JM: I am partly relieved that I don’t have to prepare anything beforehand. Although much of my dance-work happens through collaboration with dancers in the studio, before any new project I spend hours taking videos of myself improvising, watching videos, researching, writing, and create a core phrase to start with. I also don’t have to do all the logistical work of booking rehearsal spaces and trying to make divergent dancer schedules mesh, which I am grateful for.
However, having so many unknowns in a process that will be extremely time-compressed is making me anxious, both in a nervous and excited way. I can almost picture myself in the studio at 3:00am, trying to make decisions that I believe in, but, being tired and feeling the pressure of wanting to create meaningful work, I fear I will question those decisions. I think this process will challenge me to trust my gut and believe in myself. When making dance, I always try to find ‘the flow’, where I am completely in the now, when everything is happening. I am looking forward to getting to that place and rolling with it.
LDC: Describe your typical creative process.

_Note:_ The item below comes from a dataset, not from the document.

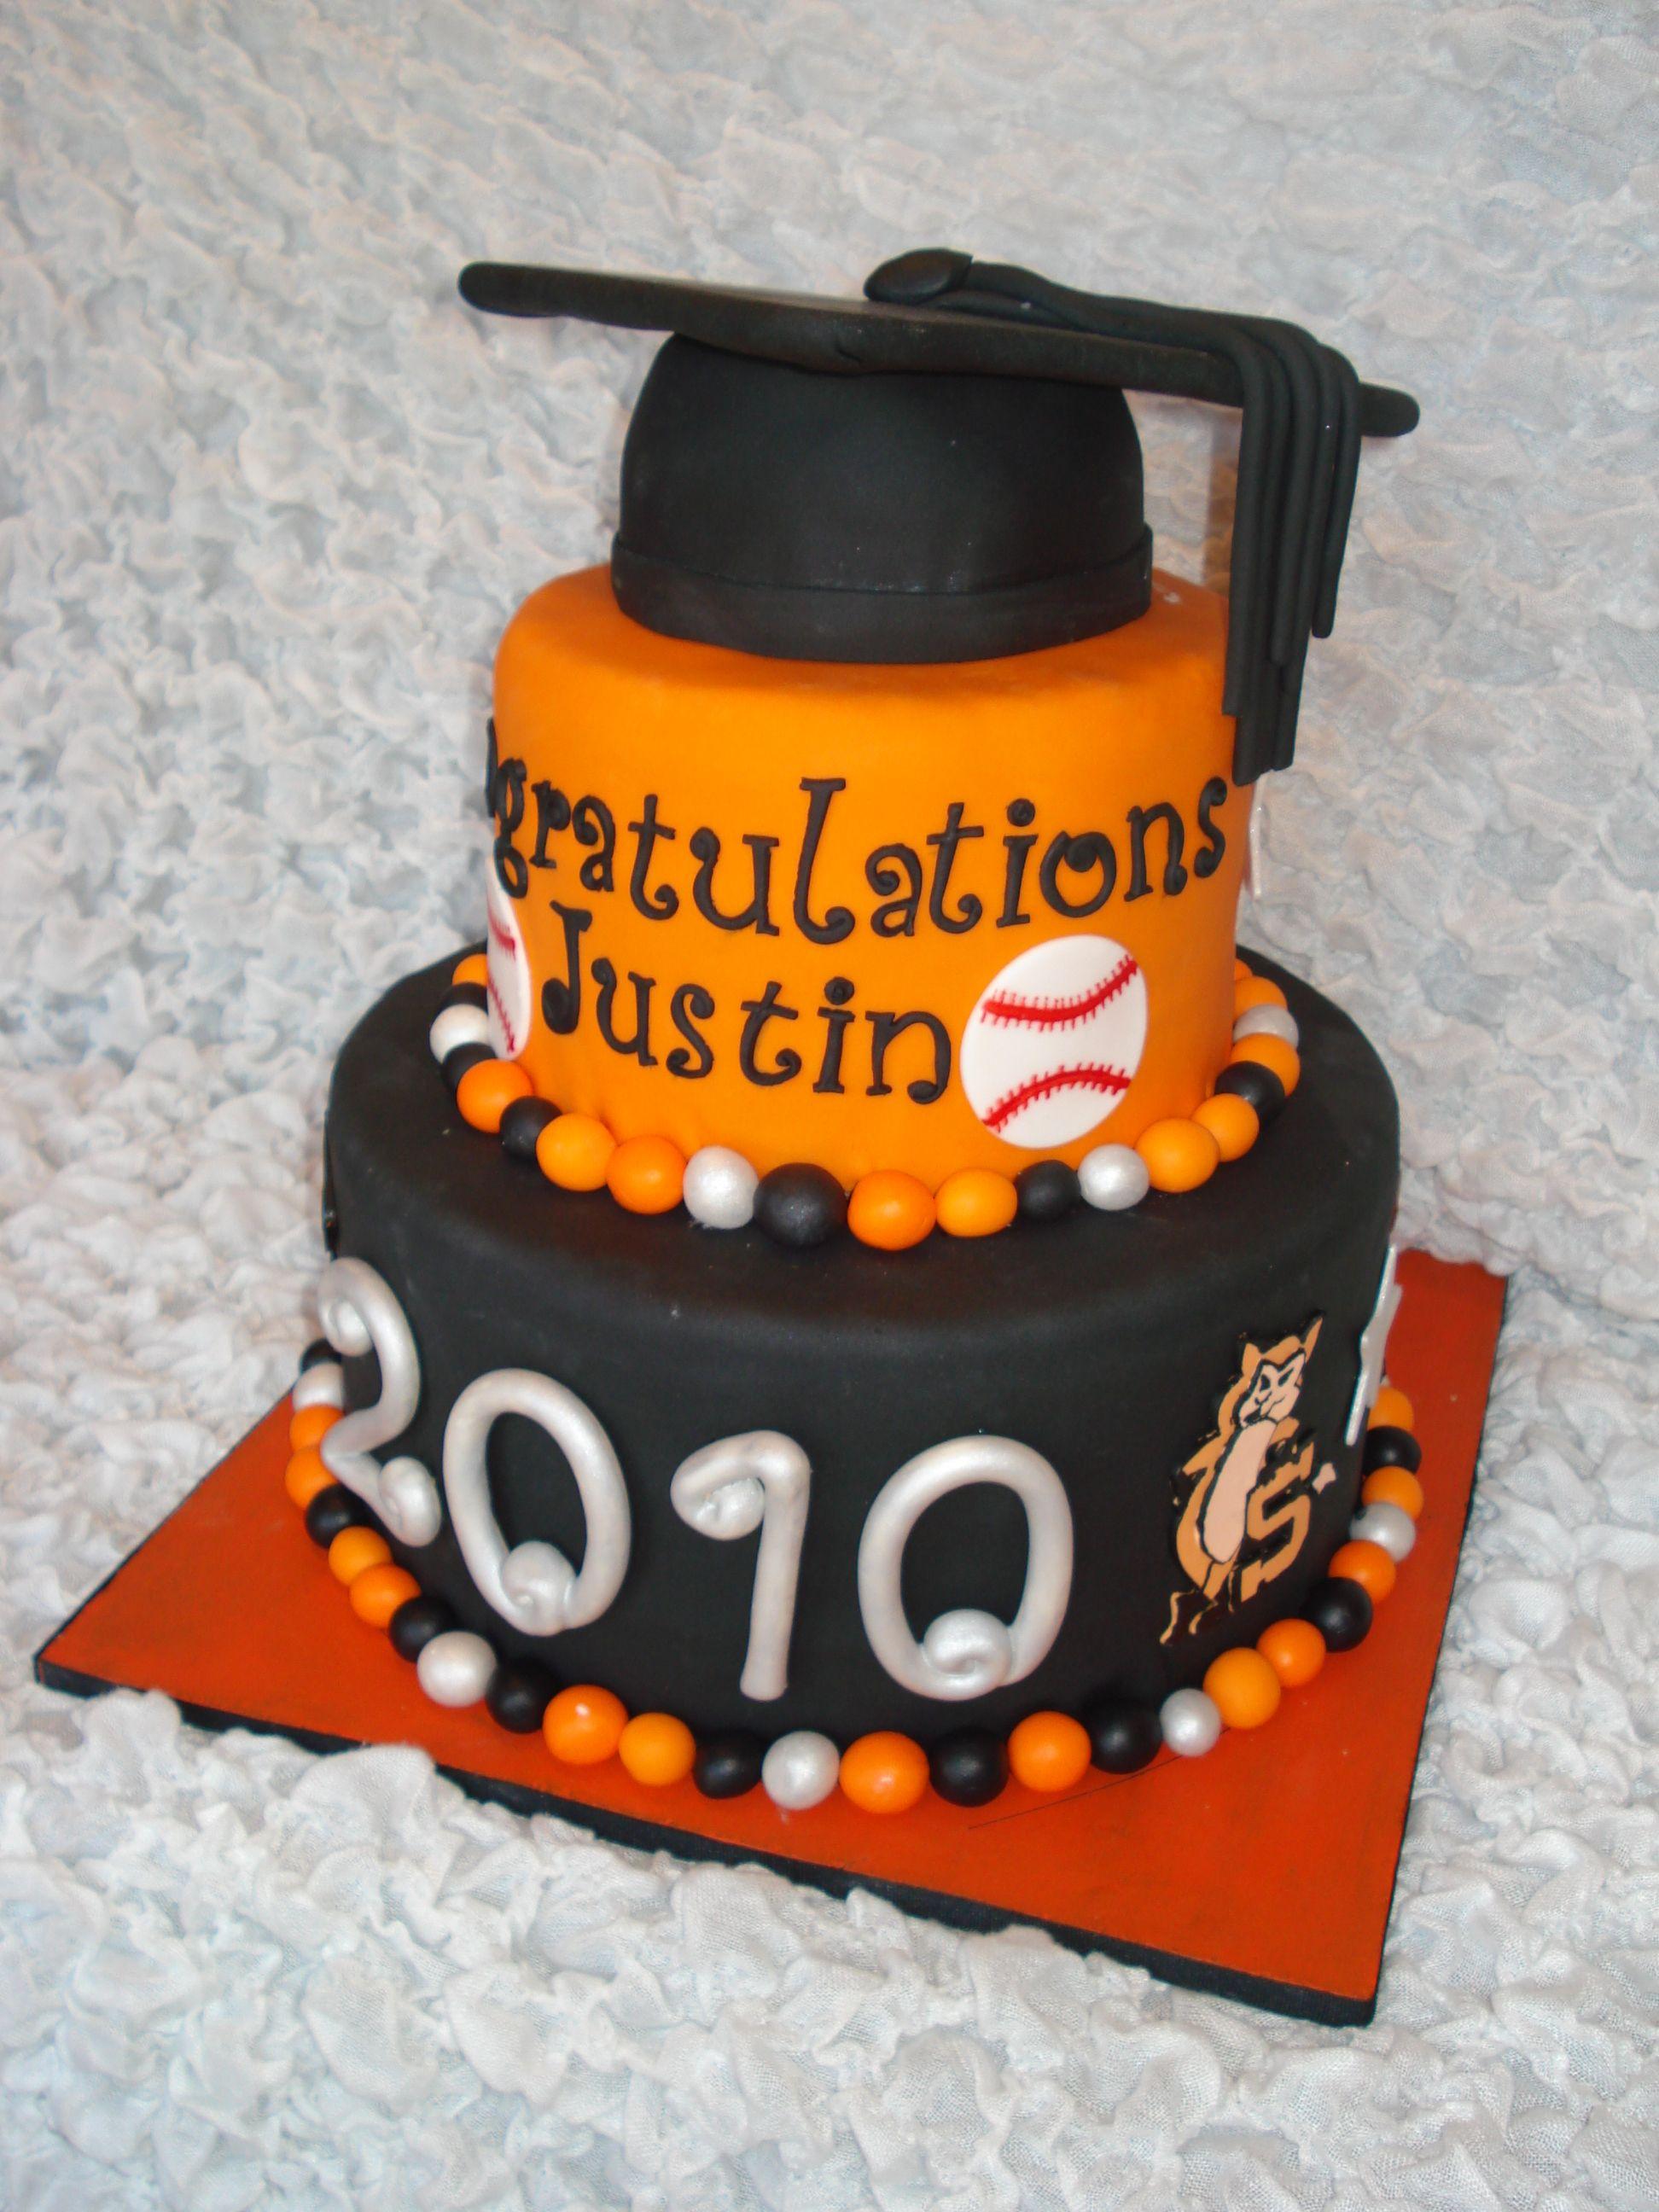 High School Graduation Cake This Cake Was For A Boy Graduating

JM: Although I do a lot on my own, choreographing for me is best a process that happens with other people. My dancers and I start with a concept, informed by shared concerns or ideas at the time or the theme/parameters of the performance we are creating for. I usually begin with a writing exercise and discussion to draw out the story we’d like to tell. I also bring a short phrase to share which sets the general movement quality and gives the dancers some core vocabulary to draw from in the next phase - improvisation. We warm up across the floor with different impetuses for movement, like ‘each next move must change direction’ or ‘your head can’t leave the floor’. From there we create additional phrases within a structured use of space, time and energy, mostly informed by Laban Movement Analysis, and layered with words culled from writing exercises and discussion. I then give a set of “gifts” dancers must add to their phrase to to develop it like ‘add a pause’ or ‘repeat something at least 3 times’ and have them work in pairs, or groups to see how the phrase interacts with itself. This process creates the scaffolding of shared material we use to compose the work. Working this way I often feel more like a composer. We have the instruments and the notes, which I string together to try and convey meaning. Sometimes that meaning is clearly connected to the concept we began with, sometimes it is divergent from the starting point.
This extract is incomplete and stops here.